Plainly, the status quo is unsustainable so we must move to a sustainable civilization or perish.

Returning to the miracle of plant life energy processing, we need to look at what plants make from photosynthesis that we can, in turn, use sustainably (no pollution and no change in the soil, water or air elemental percentage composition) for the benefit of human civilization in harmony with the requirements of a robustly healthy biosphere.

Plants make many millions of biochemical compounds in their life cycles but we are interested in sugar(s) they make. All types of sugars have carbon, hydrogen and oxygen atoms arranged in an order that is suitable for energy extraction by oxidation.

Yeast will, in a process called fermentation, convert these sugars into alcohols, a more concentrated form of energy. Nothing will do this cheaper than yeast. The process has no negative effects on the environment unlike the process of making ethanol from fossil fuels. That is why the overwhelming percentage of ethanol production in the world is done by fermentation.

Plants store sugar(s) as is (sugars) or as starches (spirally linked sugar molecules). Plants also make lipids that can be harvested for lubricants to replace fossil fuel lubricants but I will concentrate on the sugar(s), which is the main energy product plants produce.

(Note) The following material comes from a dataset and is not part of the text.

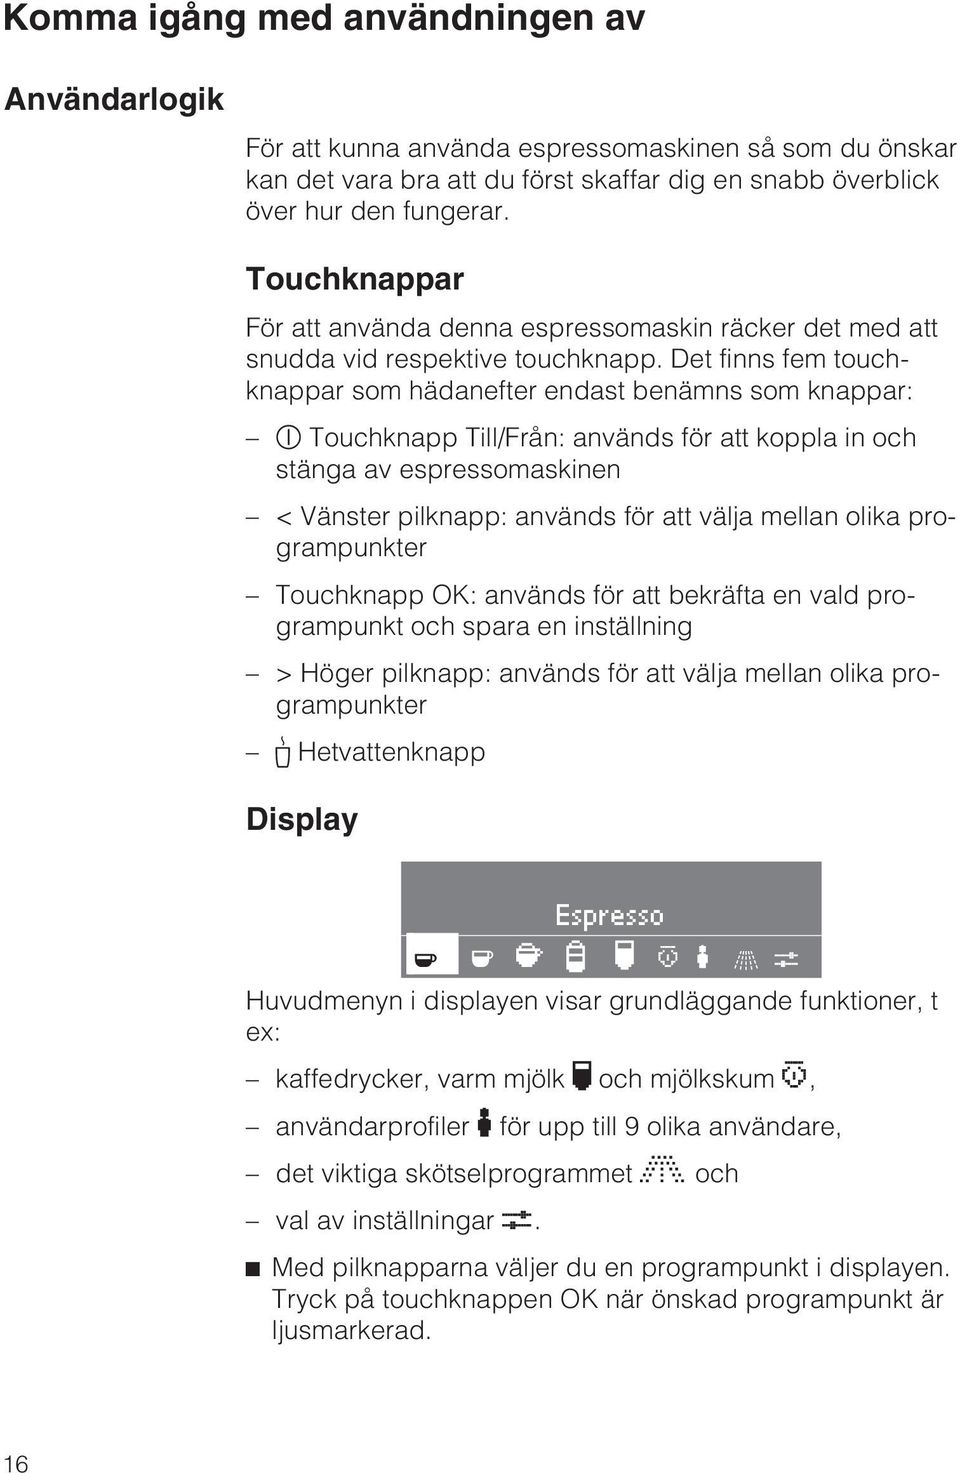 Det finns fem touchknappar som hädanefter endast benämns som knappar: s Touchknapp Till/Från: används för att koppla in och stänga av espressomaskinen < Vänster pilknapp: används för att välja mellan

As you know, a duckweed frond and a tree are both forms of plant life but there are important differences. Simply put, the main difference is whether they are "woody" (highly vascularized) or not. The woodier the plant, the more energy it takes to get the sugars out of it. Plants like corn use a lot of their sugars to make cellulose structure to hold the plant up. It's more of the same with trees. Unless you are a termite and can digest cellulose (wood), it's rather energy intensive to take apart a cellulose molecule to get its sugar building blocks.

Sugar cane has a lot of structure (woodiness in the form of cellulose) too but it has the advantage of storing its sugar mostly as sucrose rather than starch. This eliminates a step in processing that is required with corn starch so it's a bit cheaper to get sugars out of sugar cane. It is possible to undo what a plant did to make woody portions from sugars into cellulose but there is a problem doing that.

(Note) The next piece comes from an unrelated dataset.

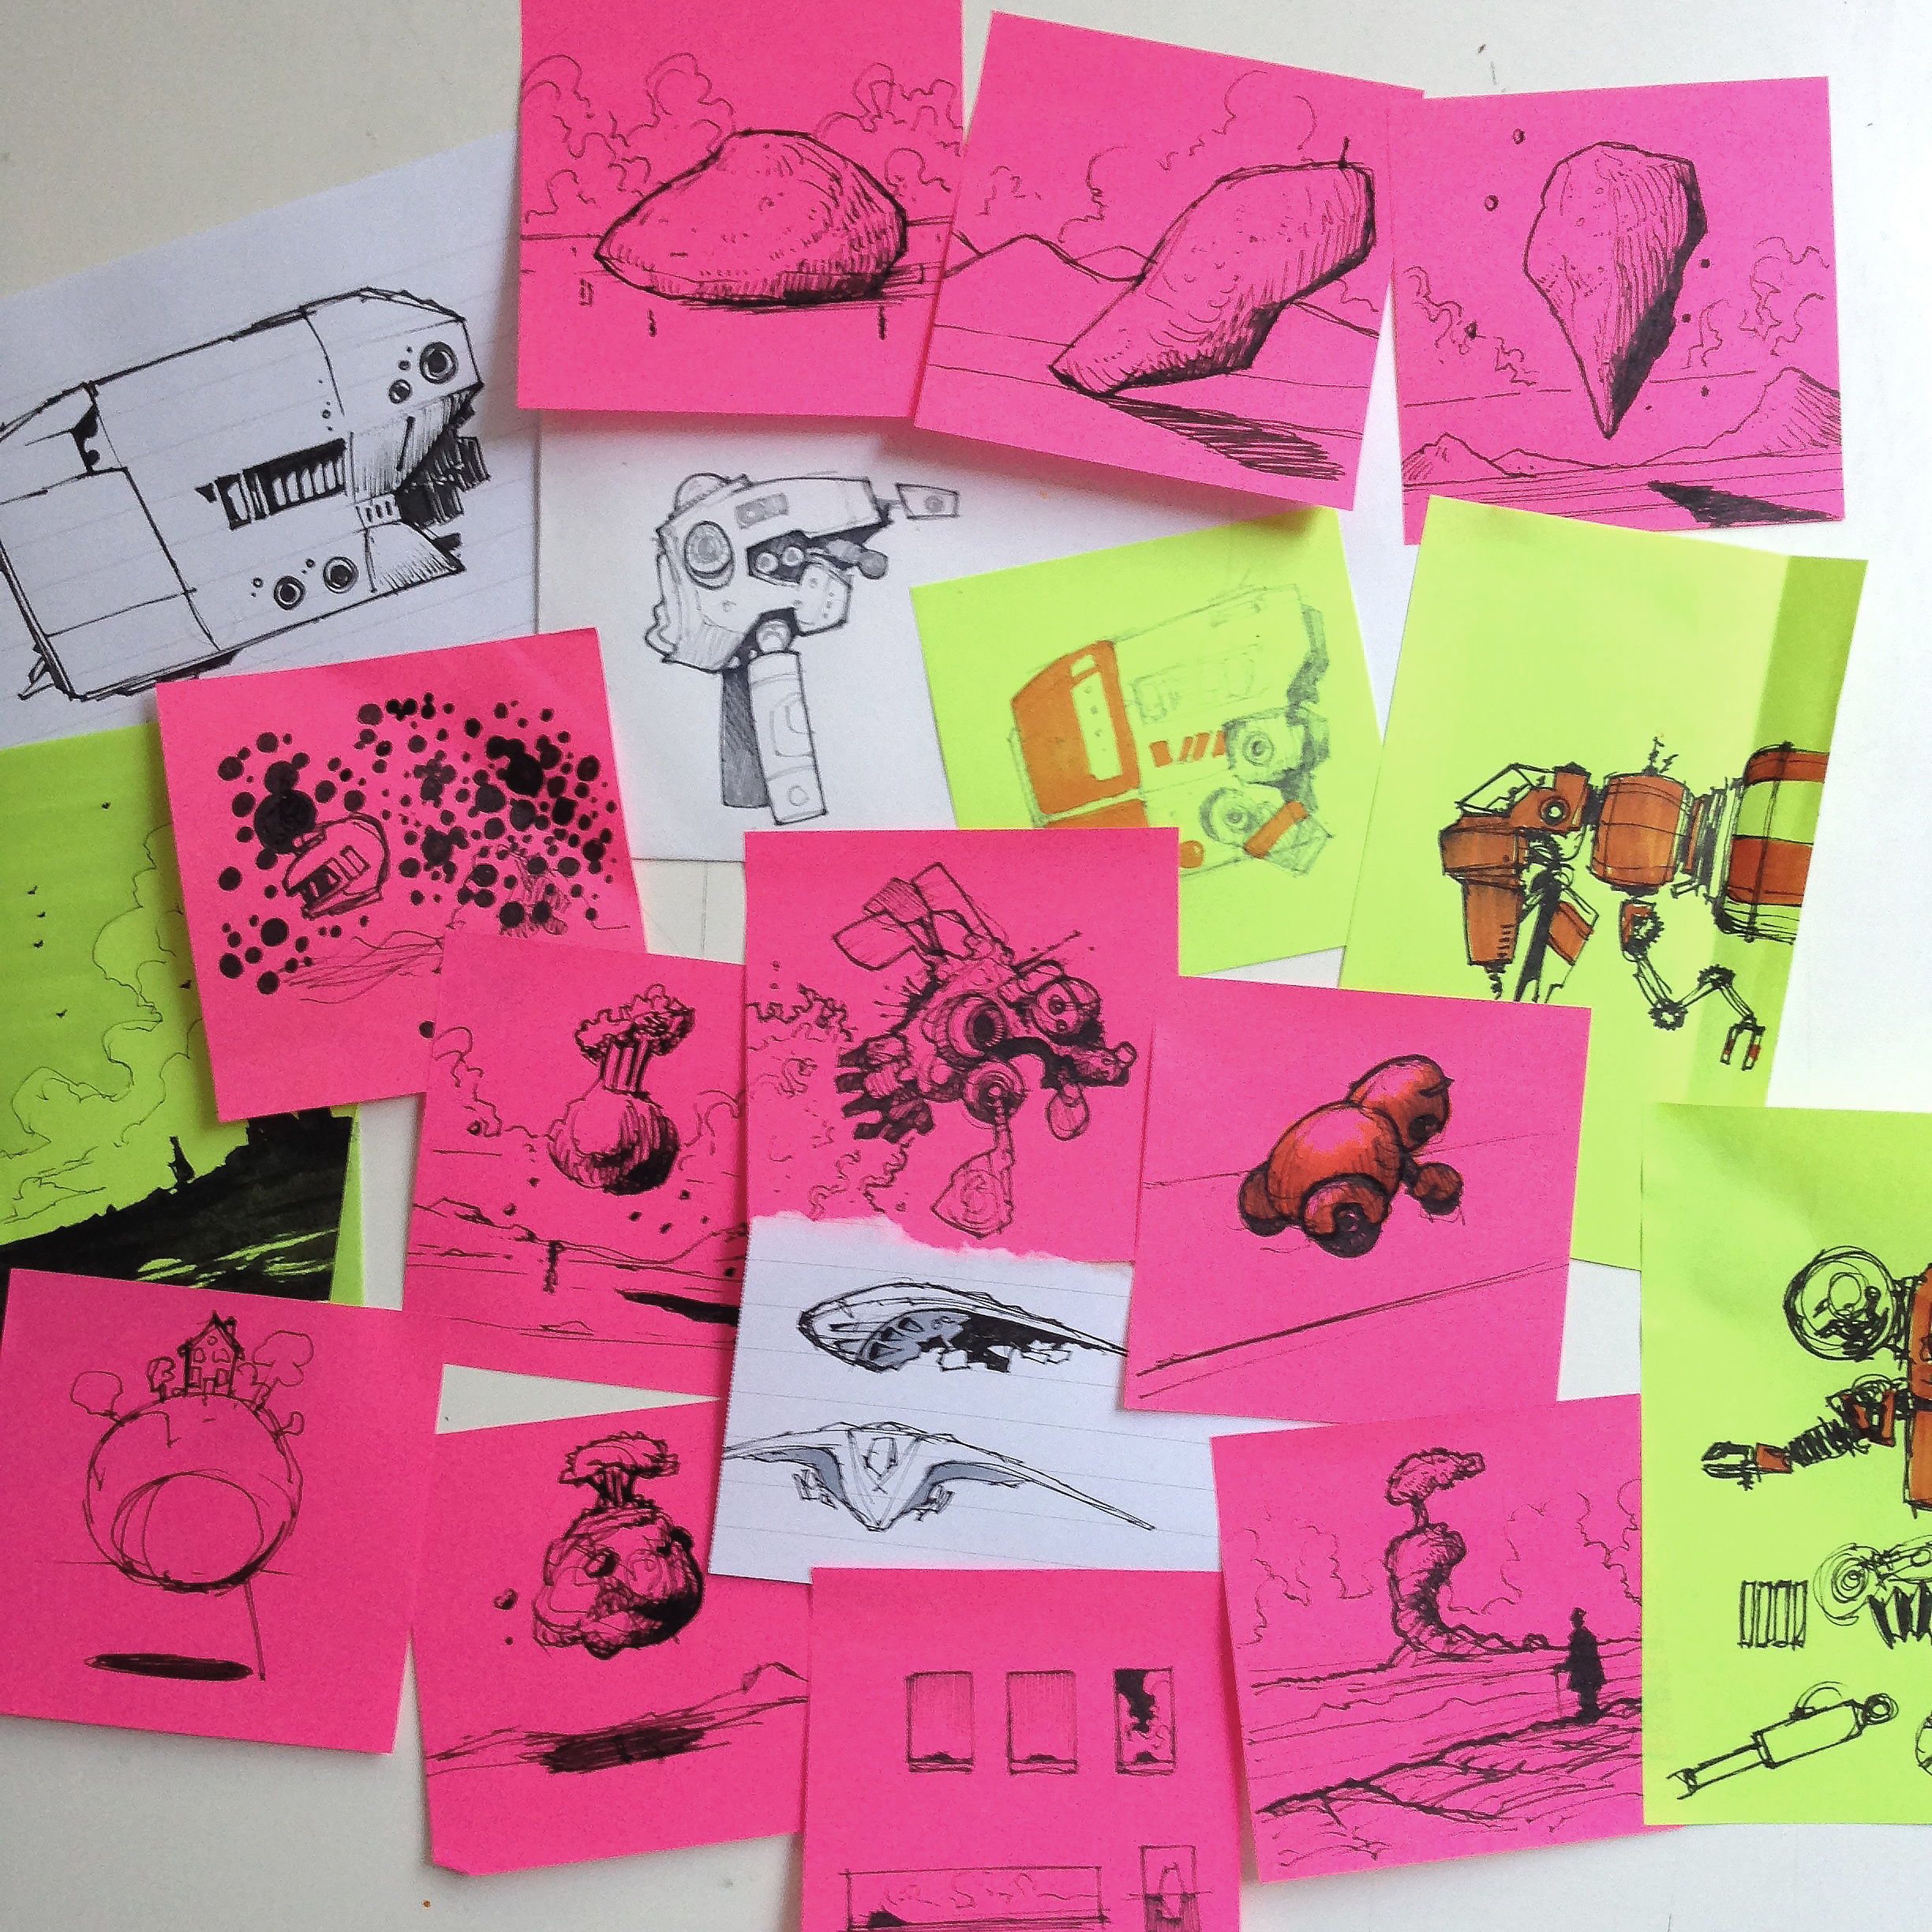 35 Free Directed Drawing Activities for Kids - WeAreTeachers

There is a substance called lignin that provides compressive strength to plant fibers. That's what makes them tough and flexible at the same time. The more structure a plant has, the more lignin is in it. The more lignin, the more energy it takes to extract the starches in the plant as well as taking apart the cellulose vascularization to obtain added sugars.

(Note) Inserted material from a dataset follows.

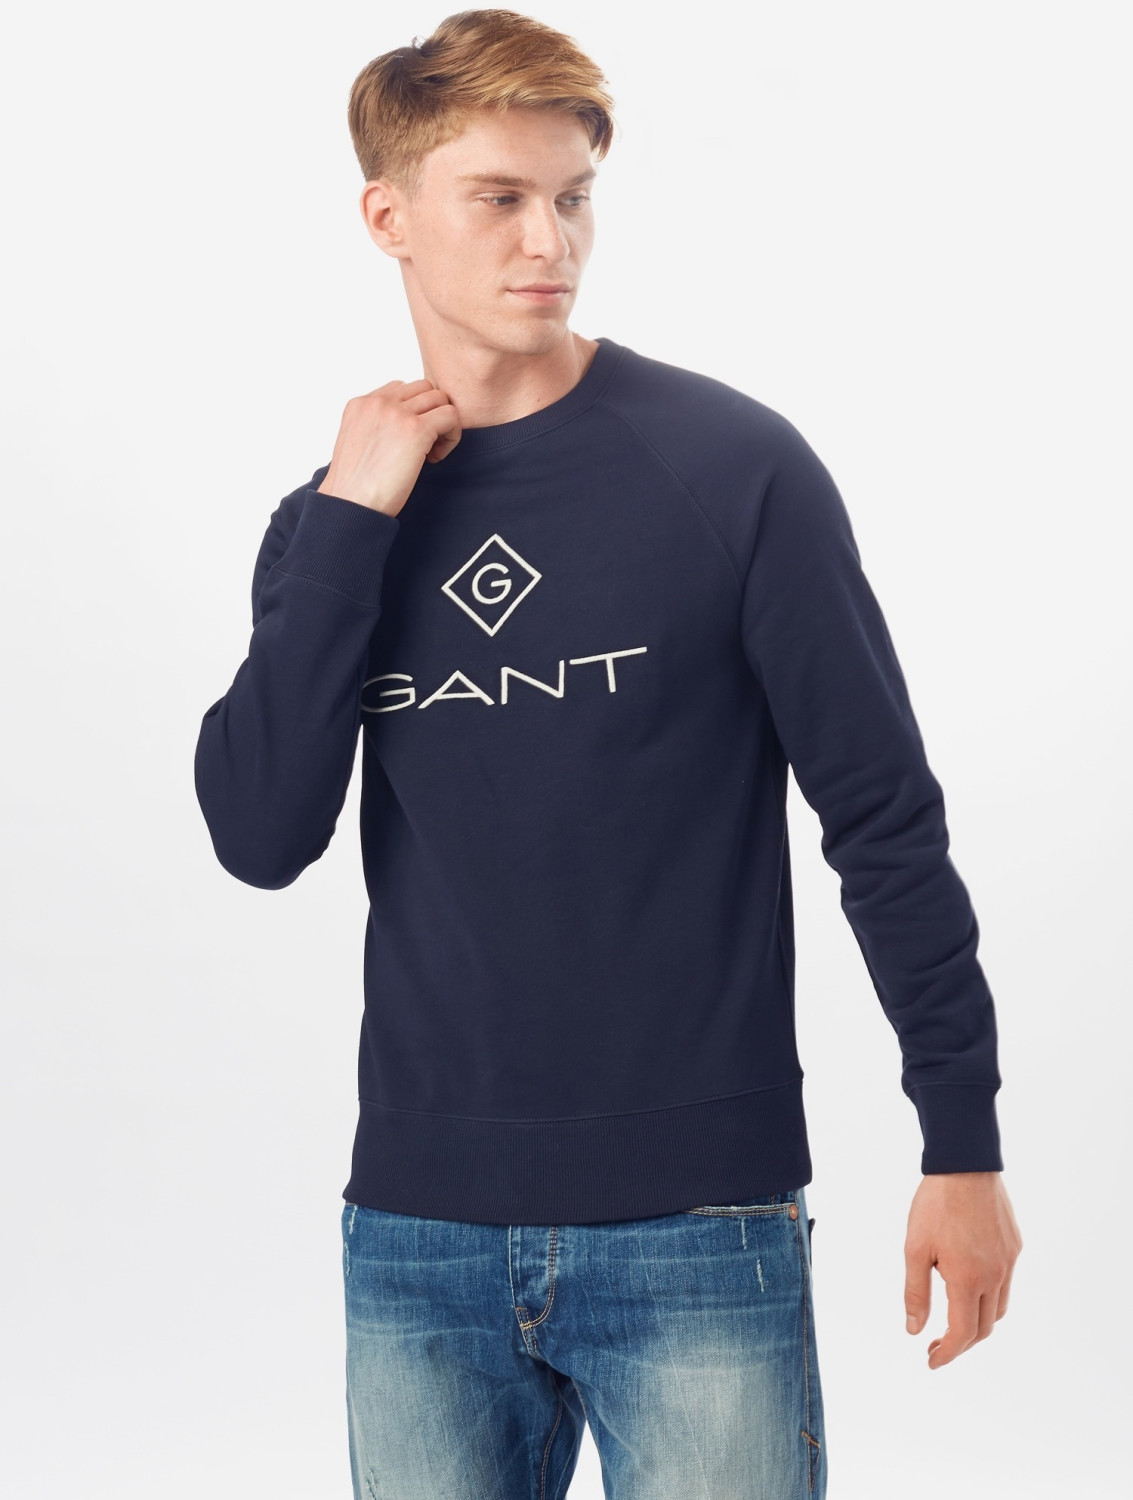 GANT Logo Sweatshirt ( 2046062-433) evening blue ab 64,94 € |  Preisvergleich bei

This is why a plant like duckweed, that is extremely low in lignin and has about 40% starch content, is an ideal plant for ethanol production. The ease of extraction of starch or sugars is key to making a process cost efficient as well as environmentally sustainable. A sugar maple tree produces a lot of sugar but is not economically feasible as an energy source. They tap those trees in the spring and get a very watery sap that they have to boil (using lots of energy) to evaporate a lot of the water content so you can pour it on your pancakes (86 gallons of raw sap to get just one gallon of syrup!).

If you were particularly aggressive (and destructive), you could process the entire cellulose content (the wood) of the maple tree using huge amounts of energy to strip the cellulose from the lignin encasing the fibers and then chemically alter the cellulose to its base sugars. That takes more energy than you will get out of it so it makes no sense economically or environmentally.

Corn is better but it's a poor choice compared with sugar cane.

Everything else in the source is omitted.